To avoid the tax liability risk that accompanies an ‘outside IR35’ assessment, many organisations have deemed all their genuinely self-employed contractors to be caught by IR35 and be a ‘deemed employee’ when they are clearly not nor treated as one.
When this happens, the contractor is forced to pay employment taxes without the equivalent employment rights.
Non-compliance amongst agencies, which HMRC has failed to clamp down on, has meant many contractors are also footing the bill for employer’s National Insurance through their limited company.
The Off-Payroll Tax has caused widespread damage to the public sector through poor implementation and misinformation spread by HMRC. The damage was exacerbated by HMRC’s flawed Check Employment Status for Tax (CEST) tool, which was developed to try and help firms assess IR35 status.

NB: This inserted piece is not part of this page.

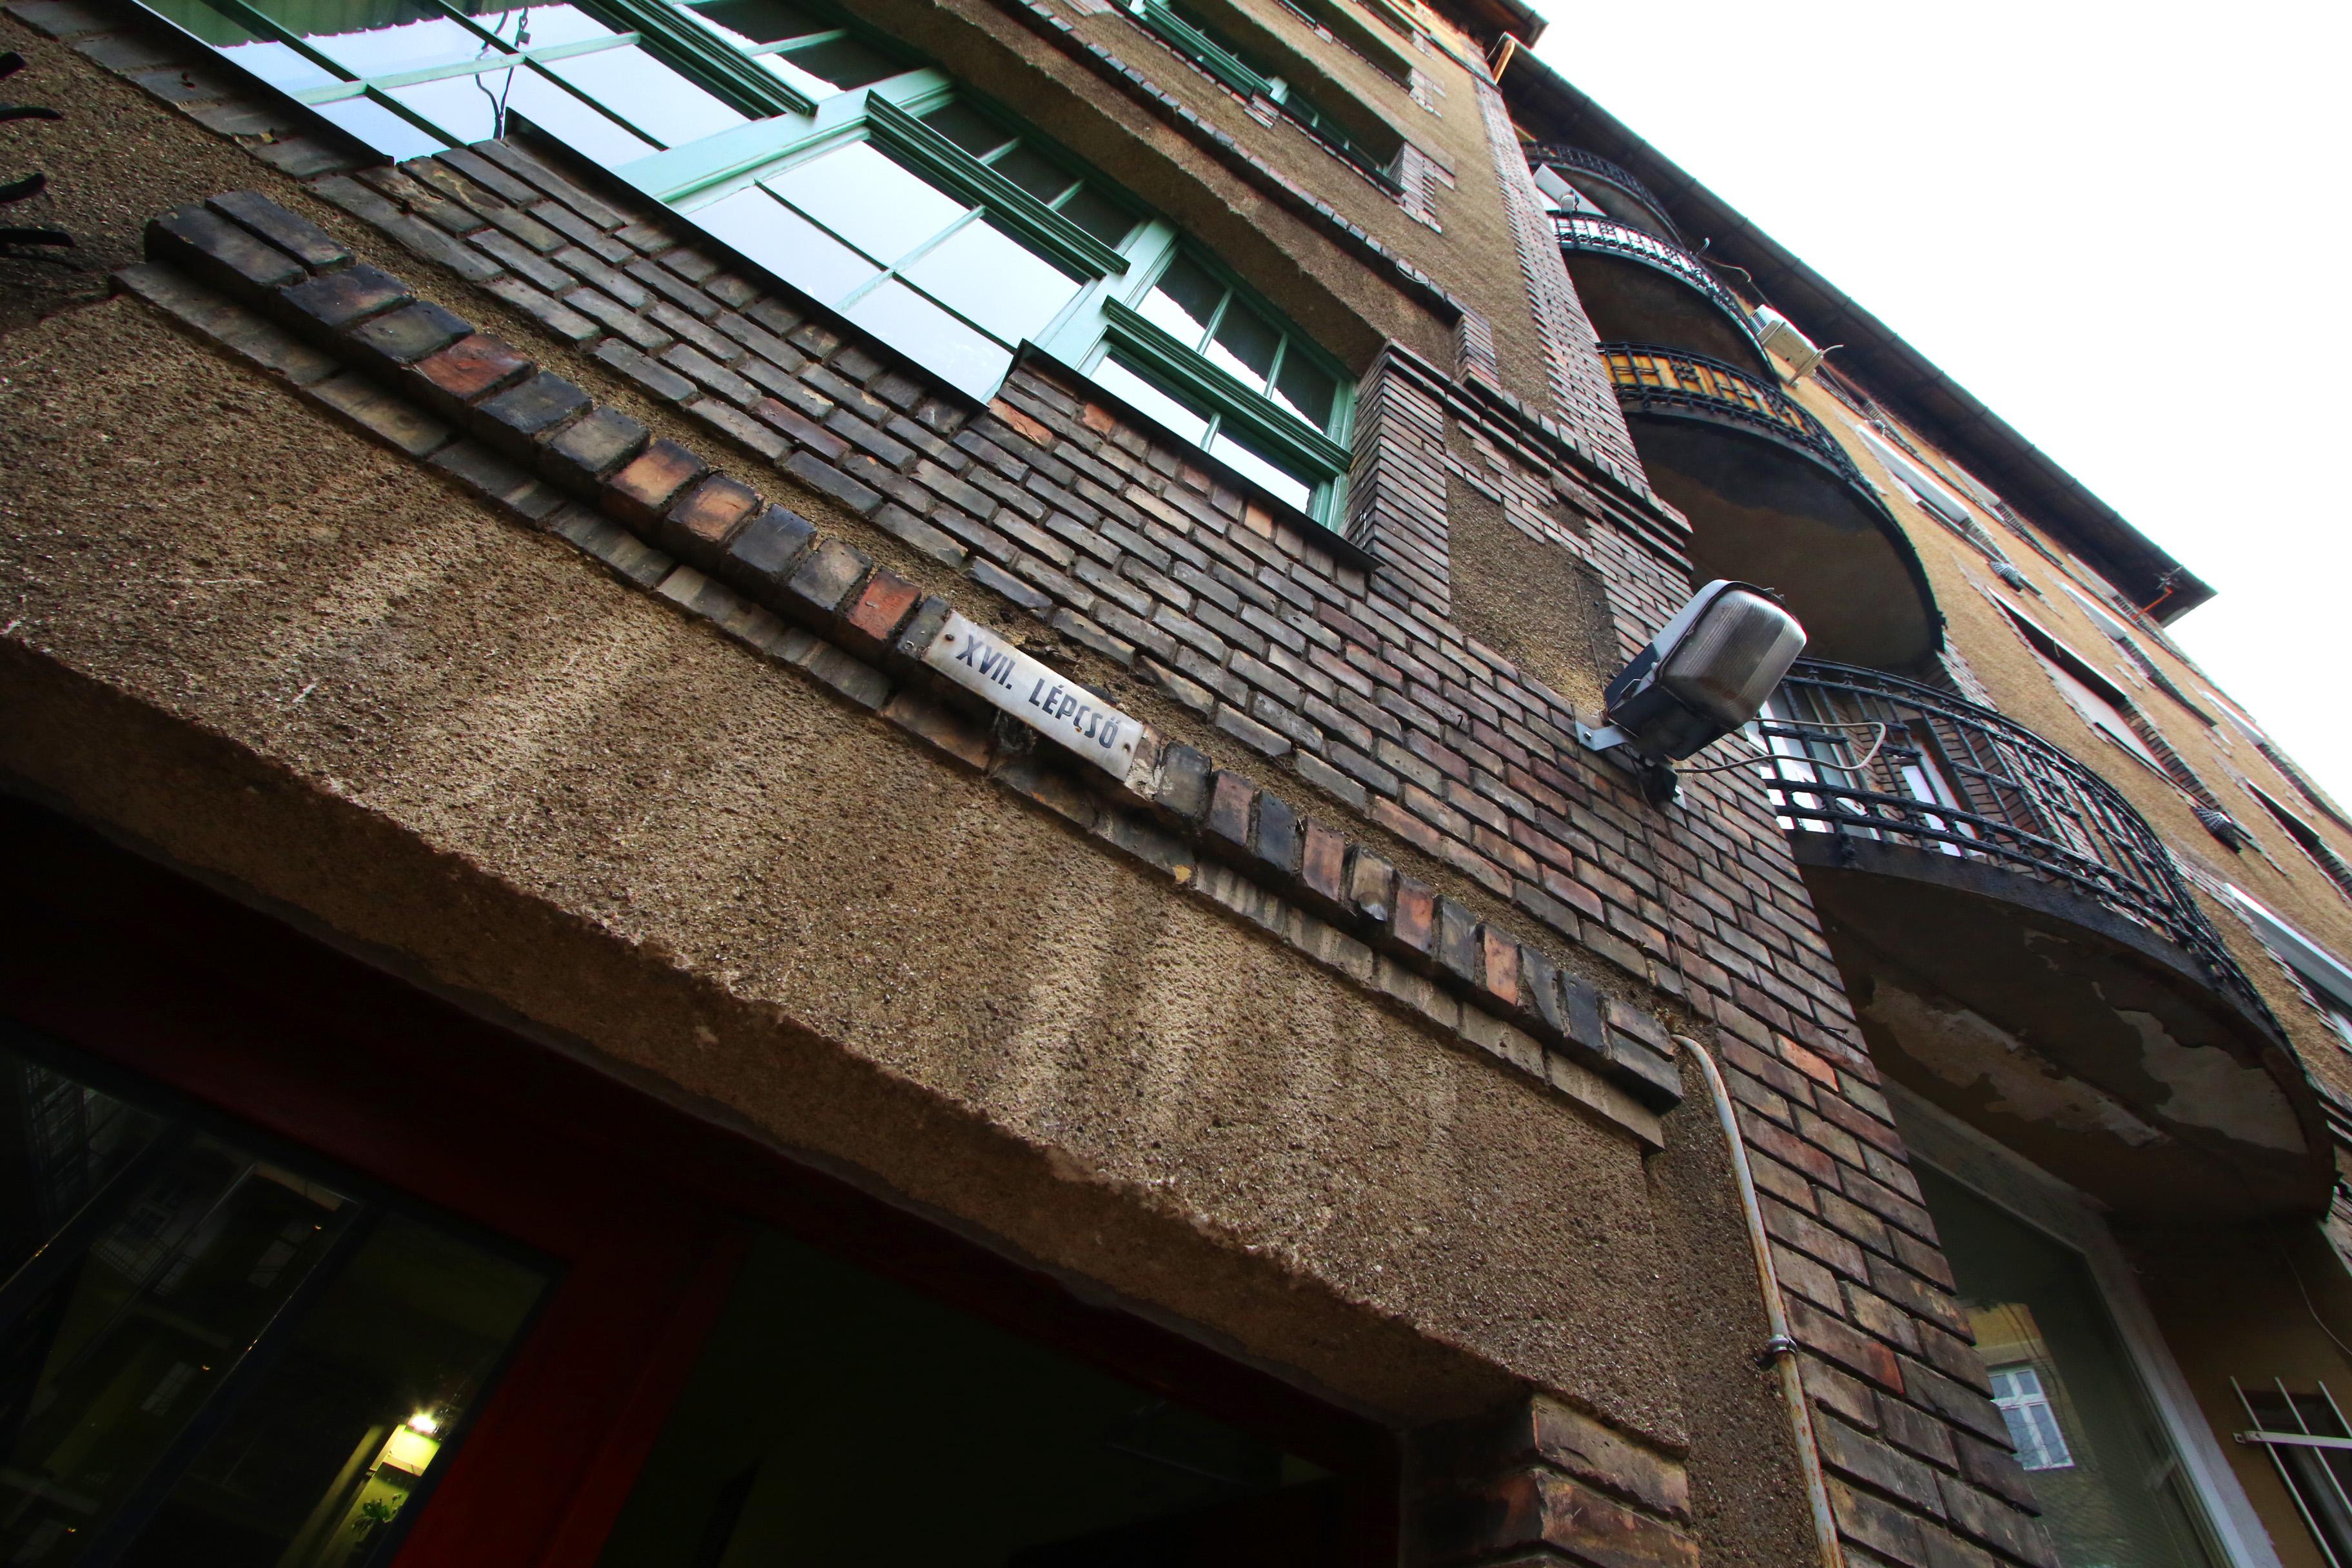 Ganz-MÁVAG kolónia, XVII. lépcsőház (XIII. számú lépcsőház babonából nincs).

HMRC has been unable to provide any detailed evidence that the Check Employment Status for Tax (CEST) tool is accurate and recent tribunal evidence demonstrates it often gives the wrong answer!
If you are a permanent employee who can’t understand what all the fuss is about, consider this: being caught outside IR35 means that, although your salary remains the same, you are forced to pay your company’s 13.8% tax bill out of your own salary, and in addition, all of your employment rights are lost.